Top of DATA BELOW
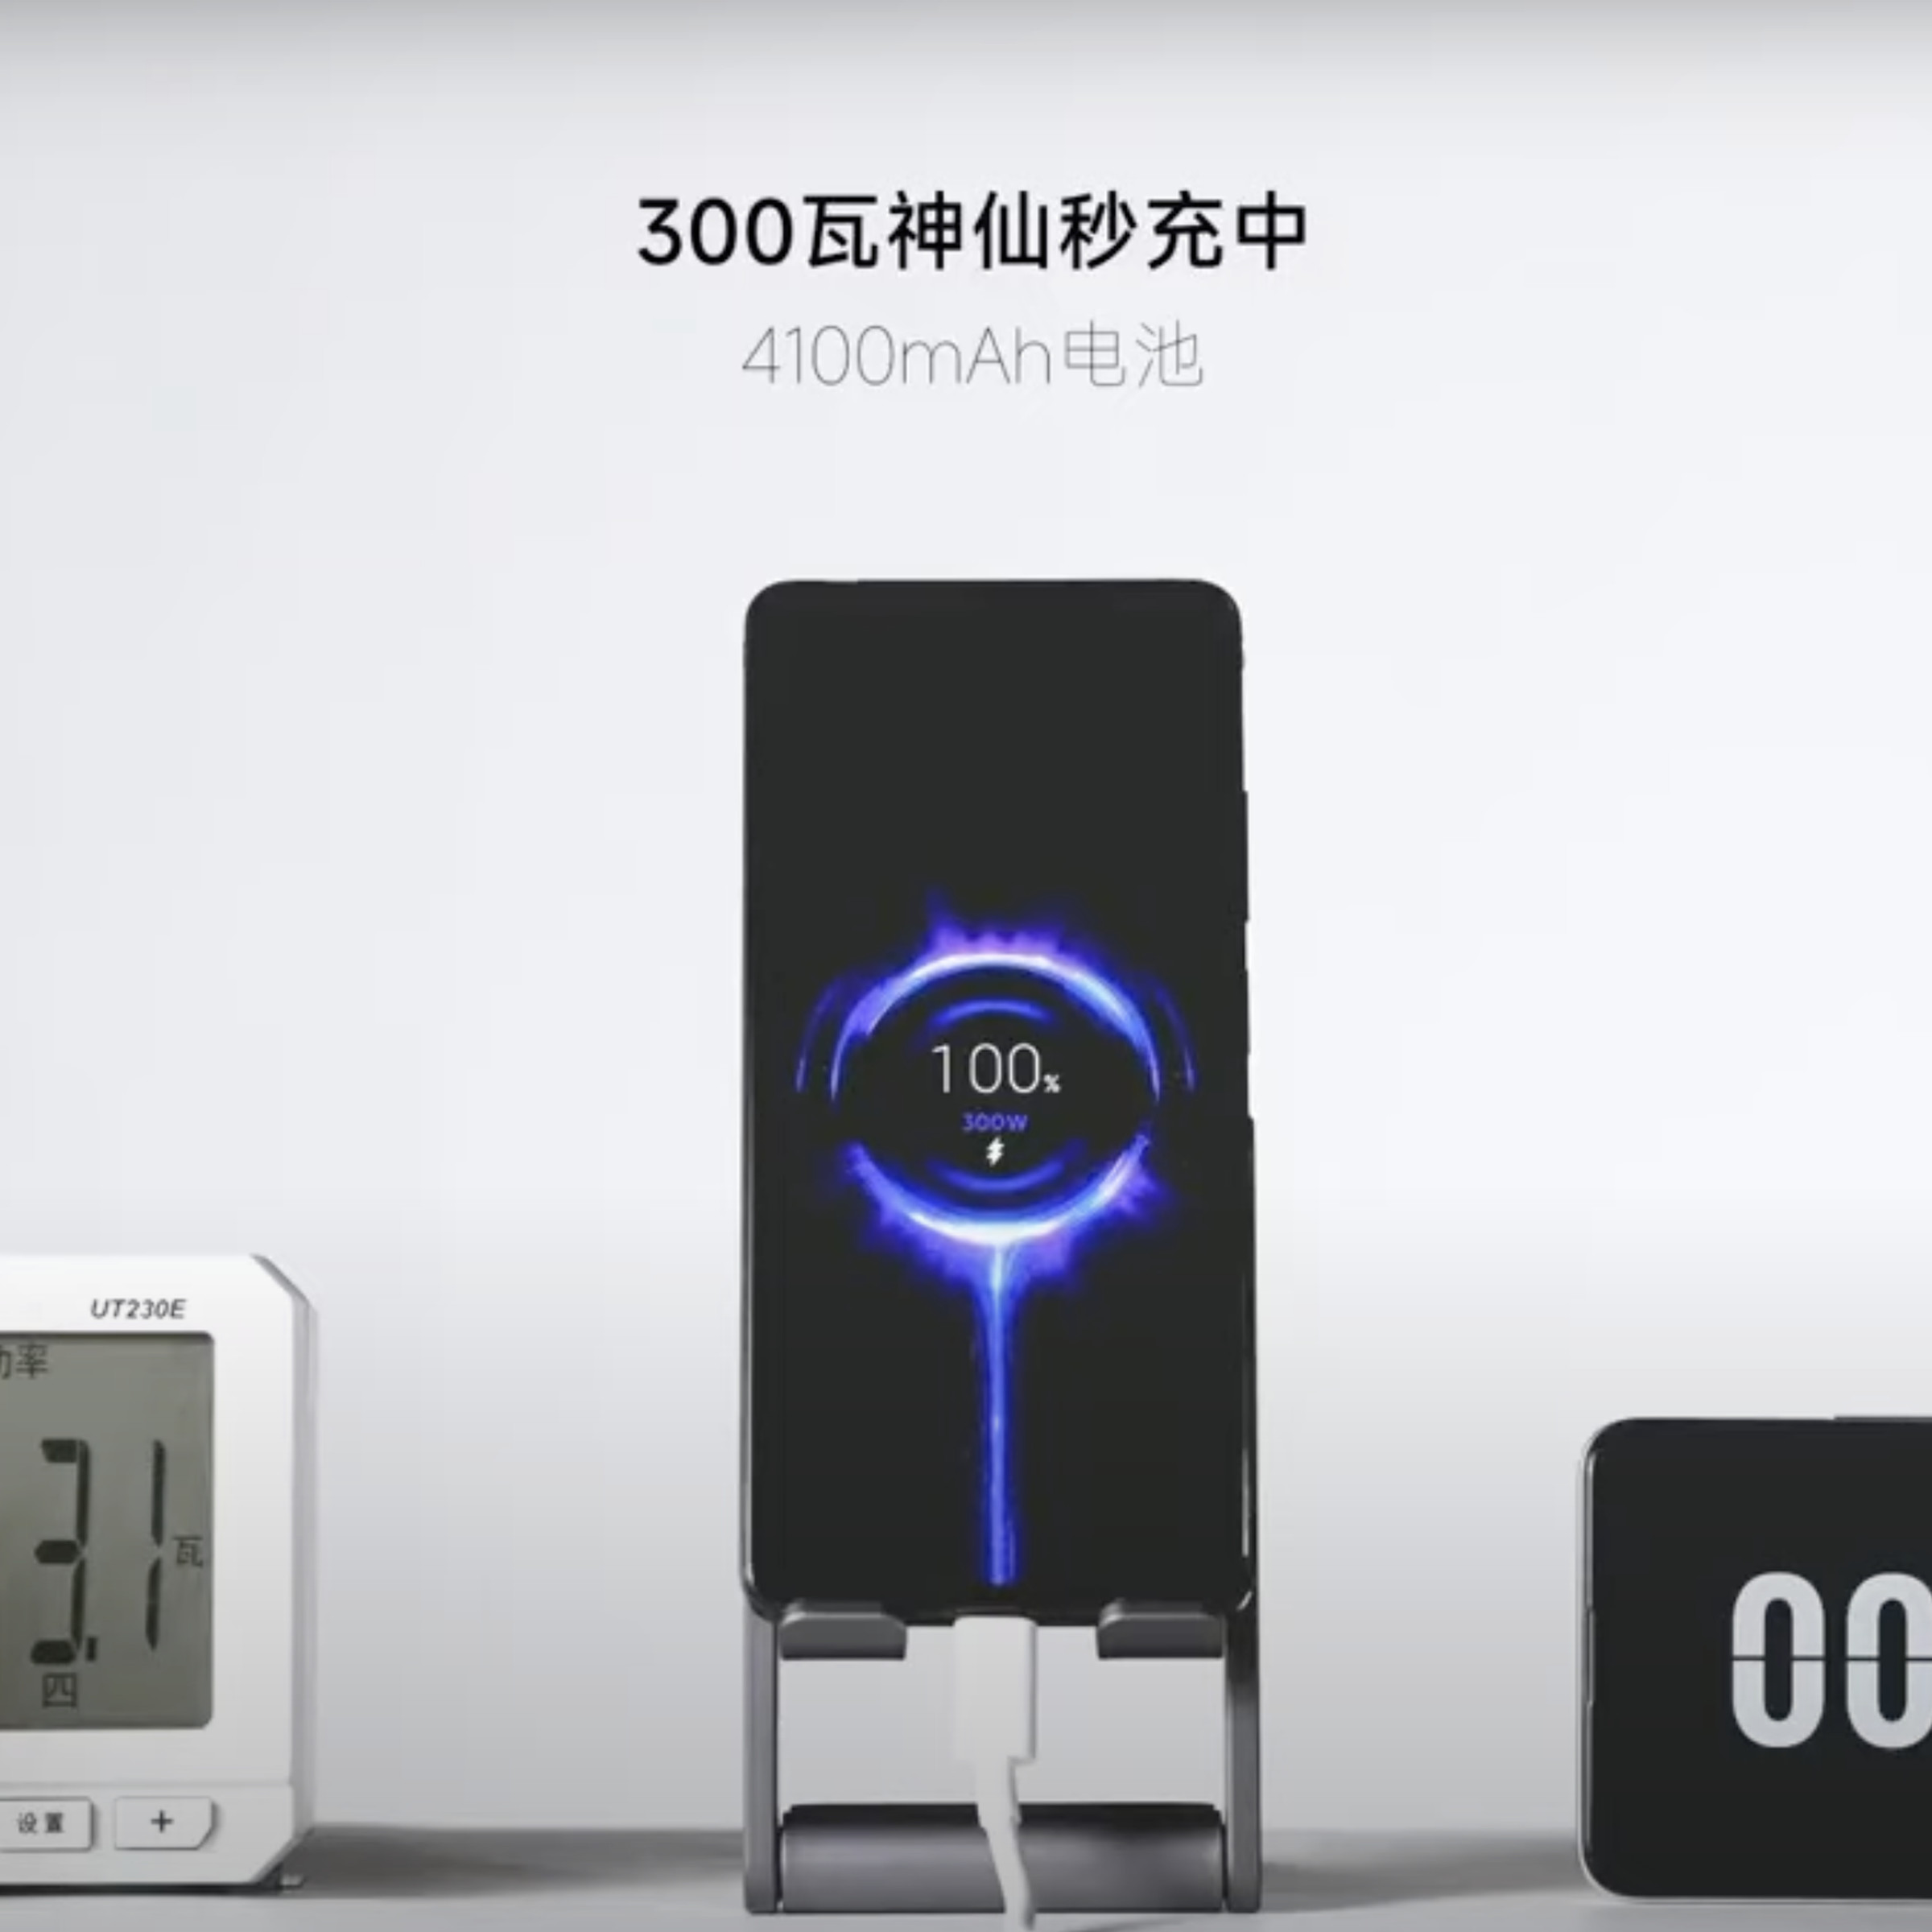 An image showing a Redmi phone charging to 100 percent in five minutes
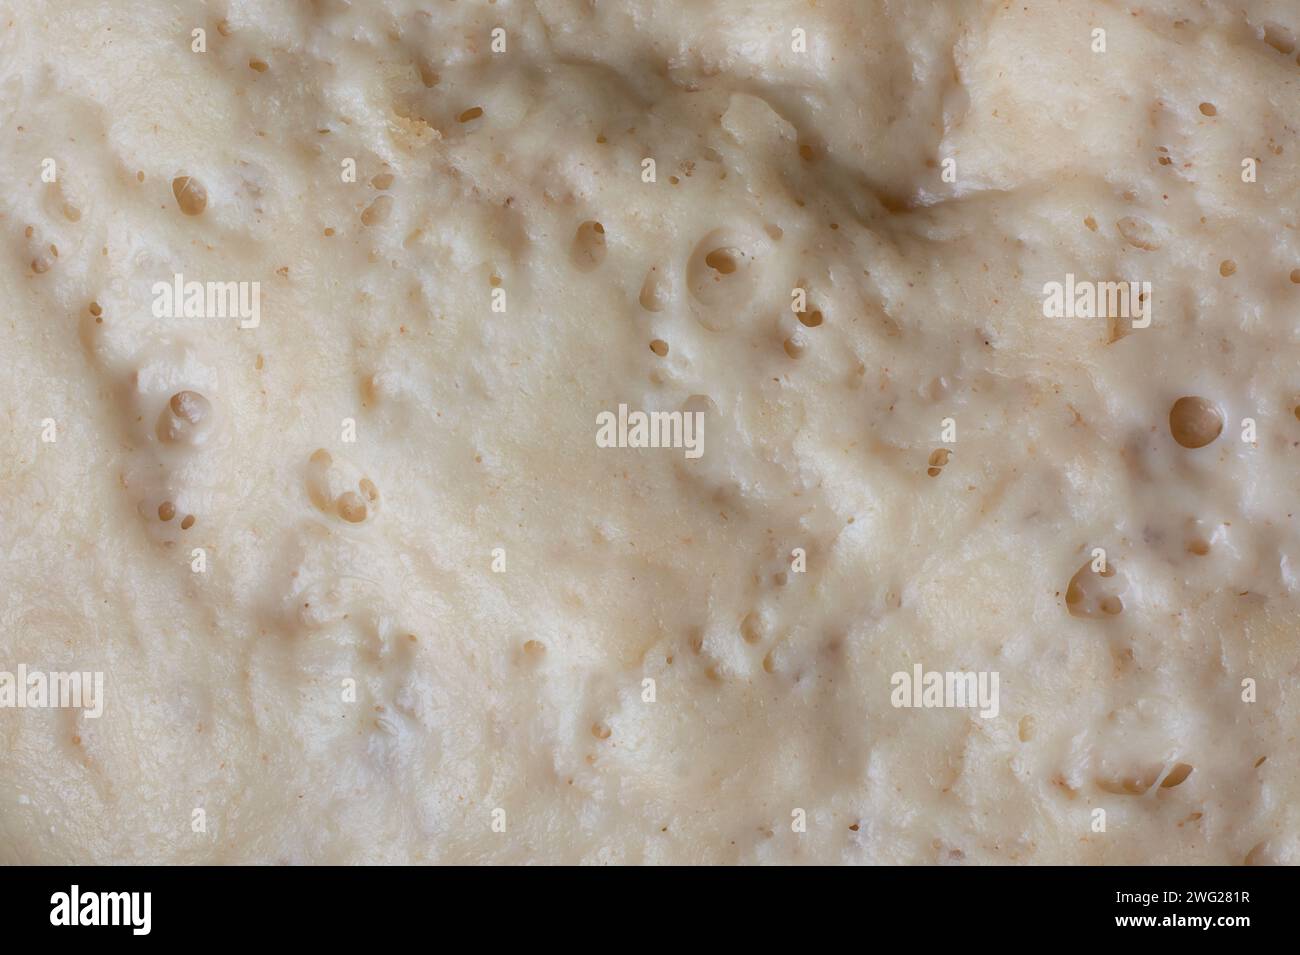 close-up macro view of rising dough surface, process of making bread, pastries or other baked goods, expansion of dough in volume, food background Stock Photo
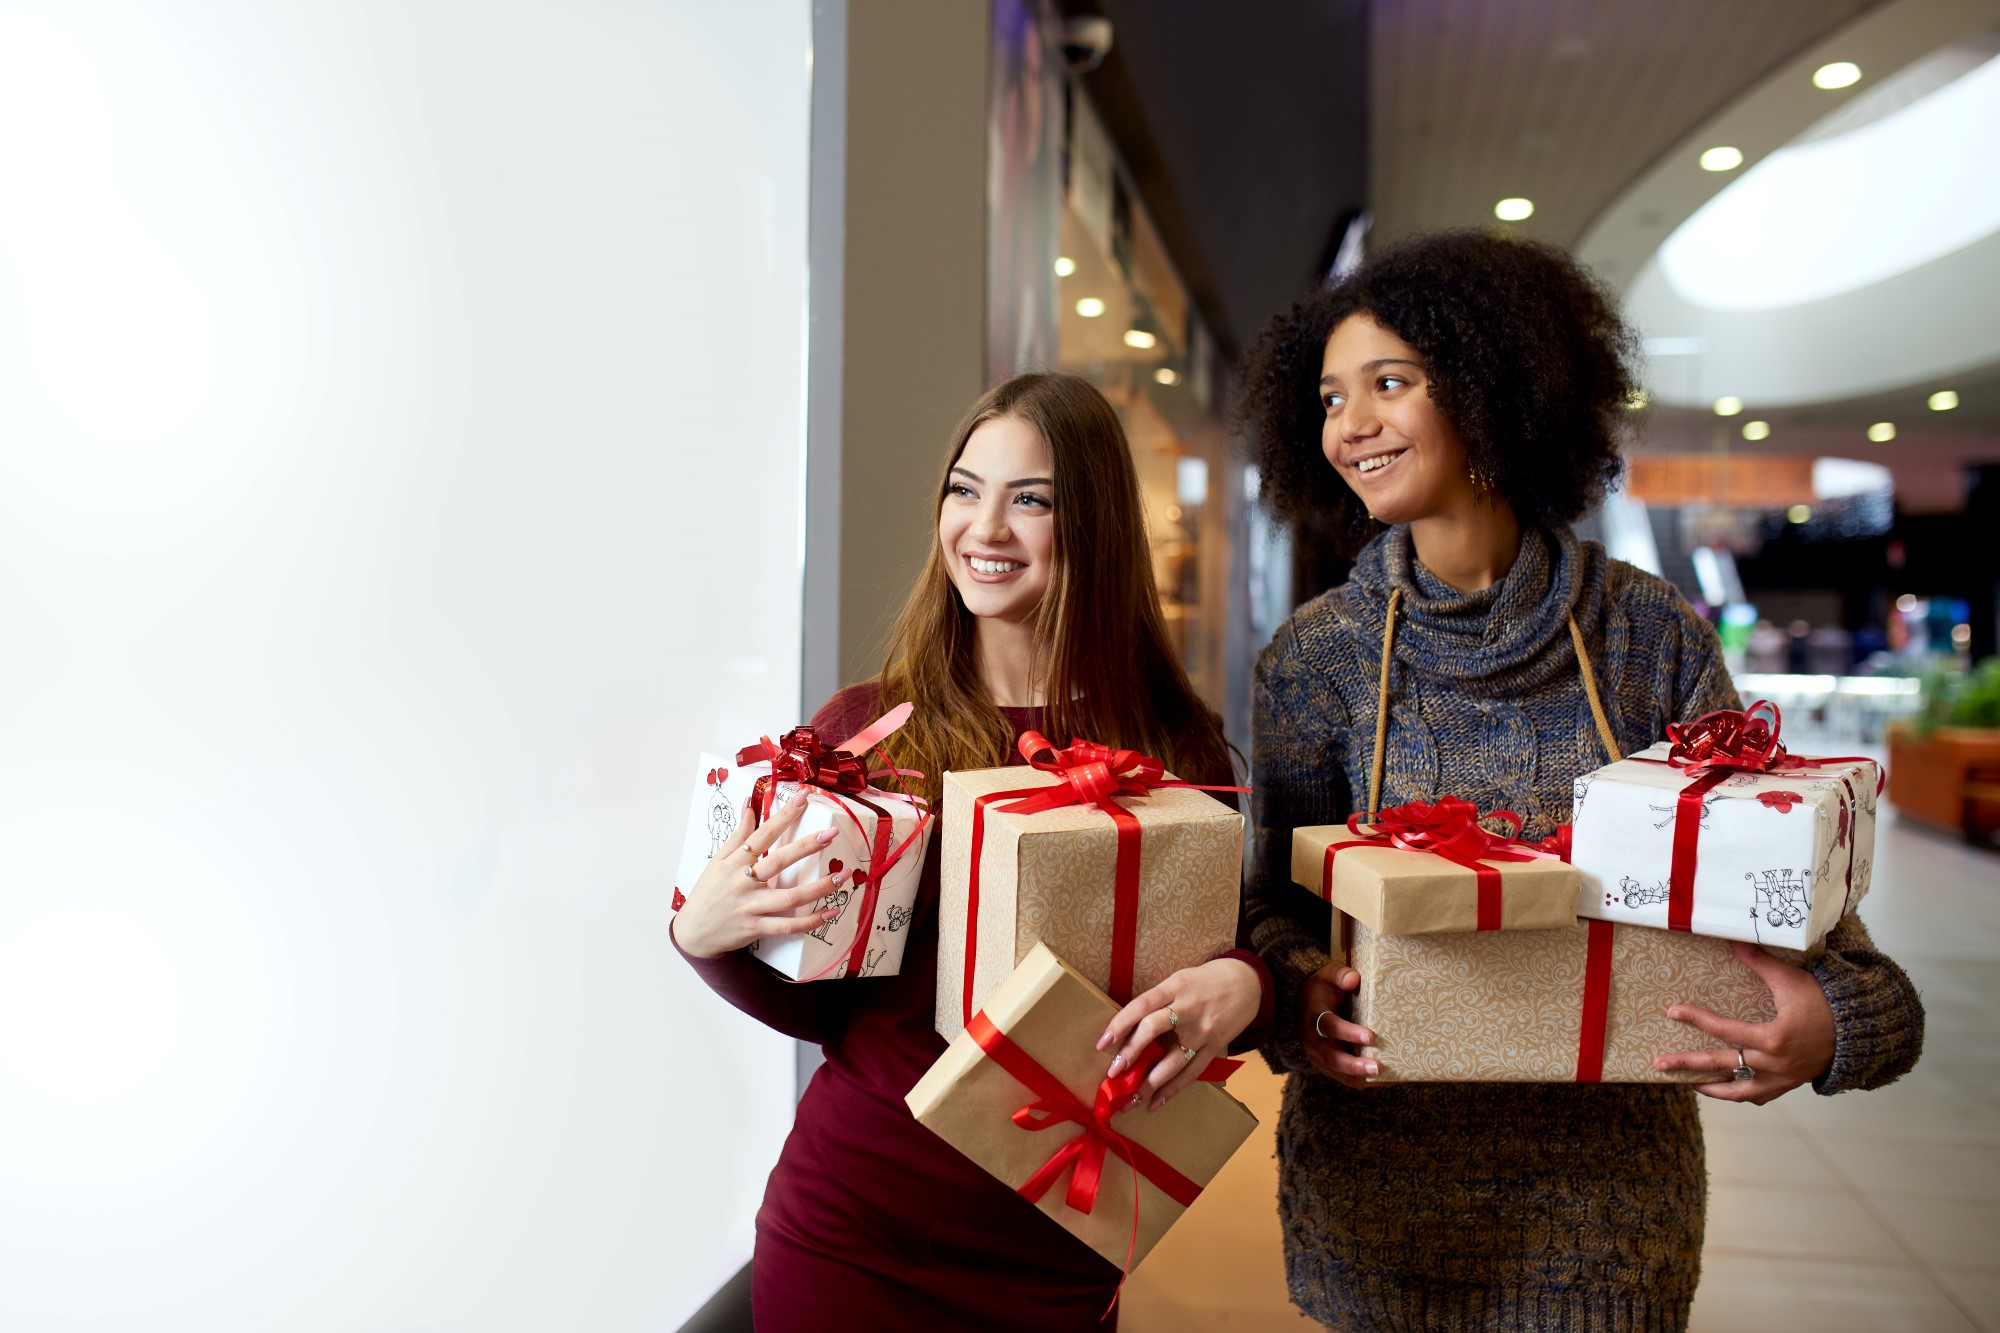 Two young ladies, White and African carrying holiday gifts at a Mall - manage money during the holiday season
Bottom of DATA BELOW
WORK TASK:
Reproduce the material above exactly, but only from the line with "close-up macro view" through its last line, leaving pictures out.

REPLY:
 close-up macro view of rising dough surface, process of making bread, pastries or other baked goods, expansion of dough in volume, food background Stock Photo
 Two young ladies, White and African carrying holiday gifts at a Mall - manage money during the holiday season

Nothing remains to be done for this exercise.